I tell Nina Patel that I would not feel comfortable presenting myself as a victim. She exhales in exasperation.

“We can get your sentence reduced, Kevin.”

“But only by raking it all up again.”

“Well, yes, but—”

“I’m not sure if I’m up for that.”

She leans back and swings an arm over the back of her chair.

“Not even if it means doing less time?” she asks.

I shake my head, which makes her laugh.

“Are you enjoying prison, then?”

“I’m in no massive hurry to get out.”

She eyes me quizzically.

“Really? Why?”

“I quite like the obscurity.”

“Obscurity,” she repeats back at me.

“Yuh.”

Nina Patel looks me straight in the eyes and keeps looking, as if she’s hunting for some tell-tale fleck of meaning.

“What do you do all day?”

“This and that. There’s a drama group that I…supervise.”

“Ah,” she chuckles triumphantly, “you have a project.”

“Yeh, it’s good.”

She leans forward conspiratorially, lowering her voice.

“Kevin, I honestly think we could get you out of here very soon.”

A ripple of satisfaction passes through me. After months of distress and confusion, I find that I now know what I want.

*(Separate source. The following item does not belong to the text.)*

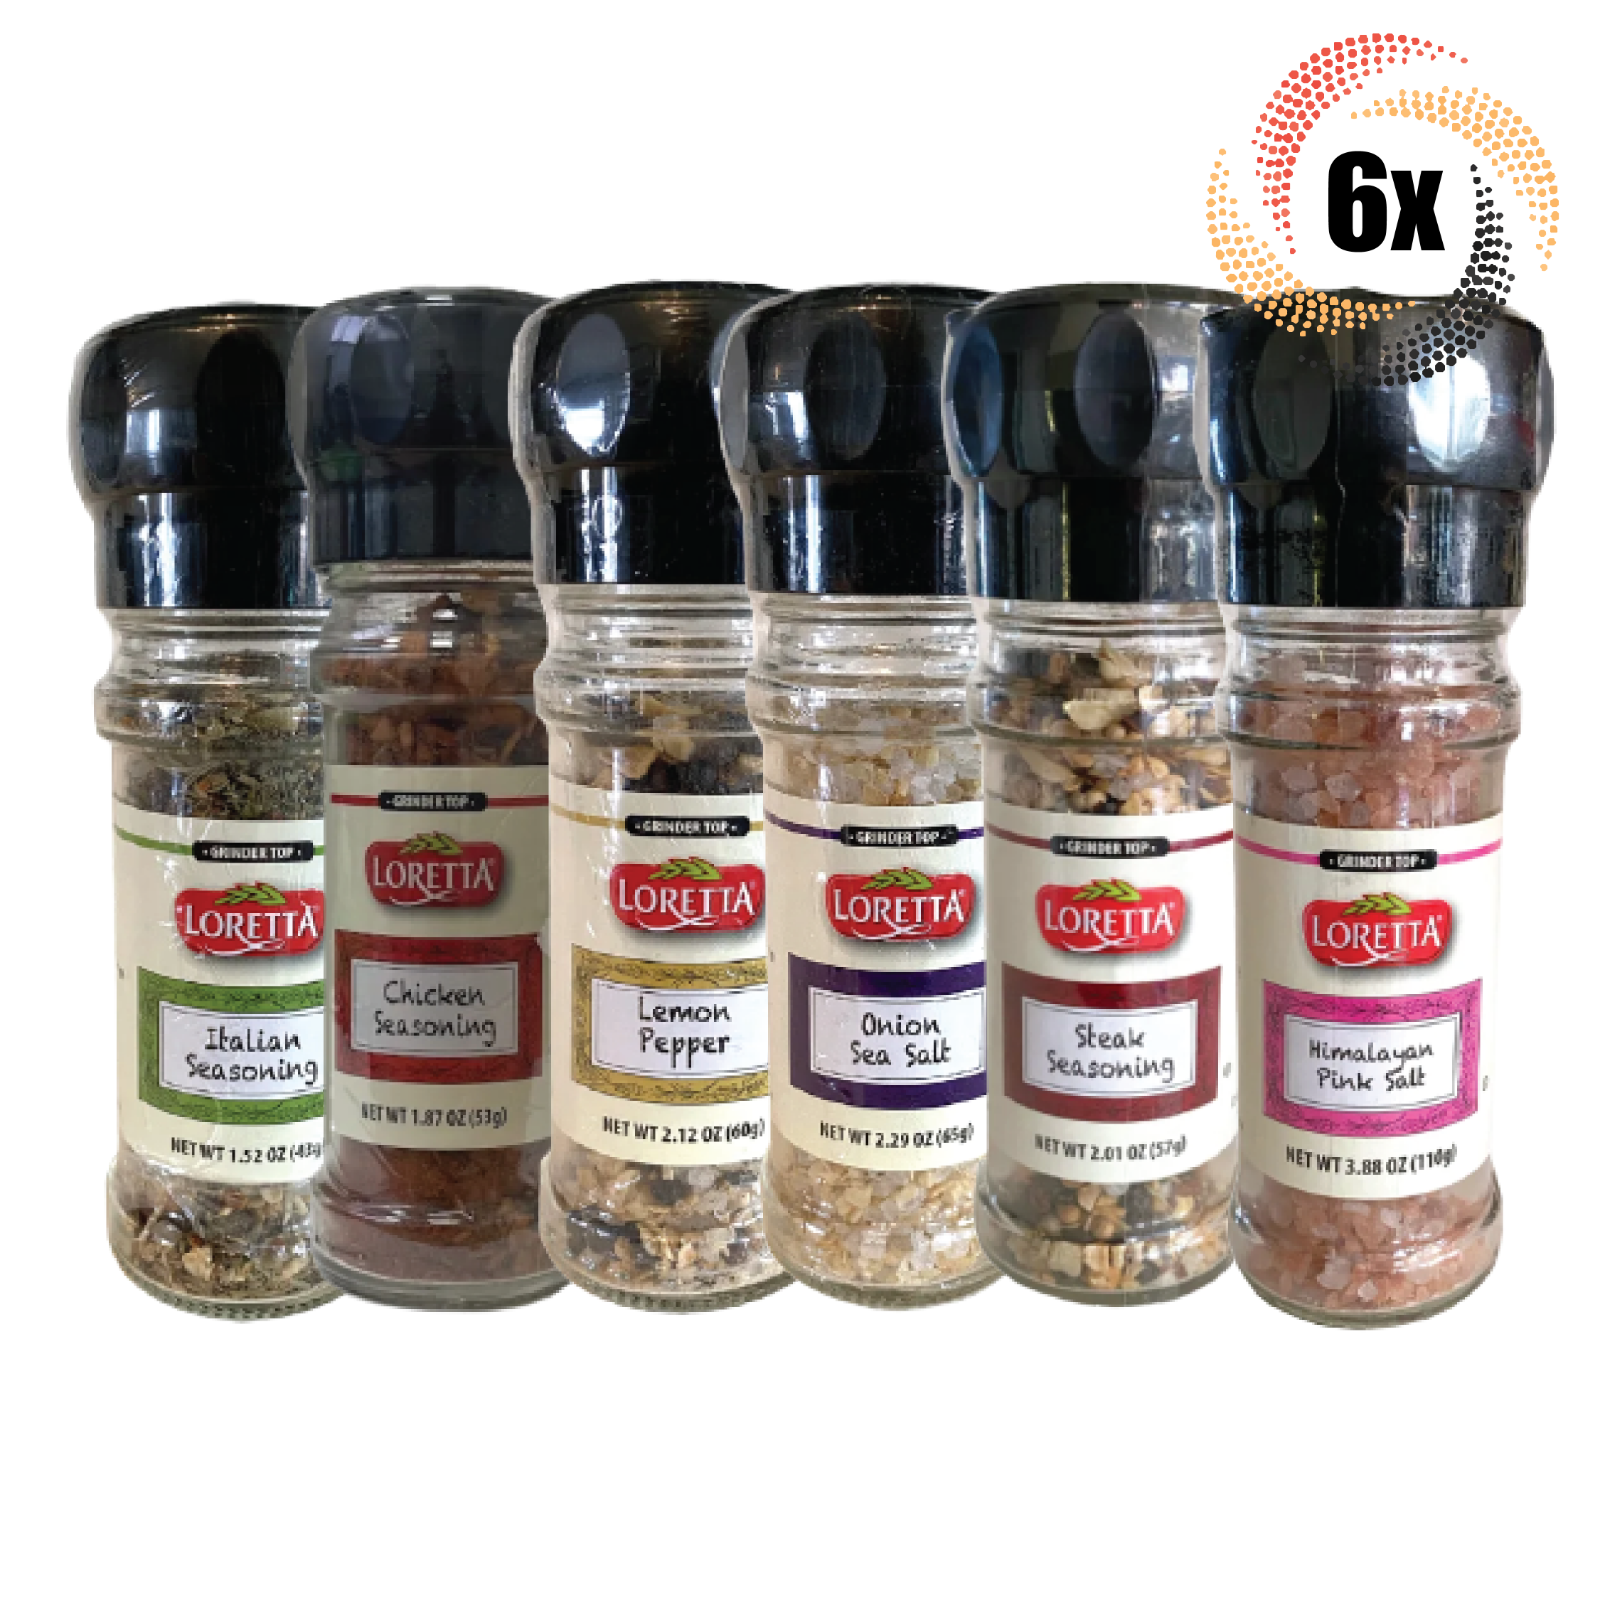 6x Grinders Loretta Variety Flavor Seasoning & Salt | Mix & Match Flavors! | - $21.98

I don’t want my whole story to be told yet again, even if this revision will work in my favour. I want to stay and finish what I’ve started, see it through.

“I’m very appreciative of the offer,” I tell her, “but I think I’d rather just…leave it.”

“You’d let Derek go unchallenged?”

Is she trying to goad me into it?

“He’ll have told lies about other people. They’ll all be going after him.”

With a wistful sigh, Nina Patel picks up the manuscript and chucks it into her briefcase.

“I read that entire crapfest for nothing.” She looks at me from beneath hooded eyebrows in mock reproach. “You owe me one, Kevin Carver.”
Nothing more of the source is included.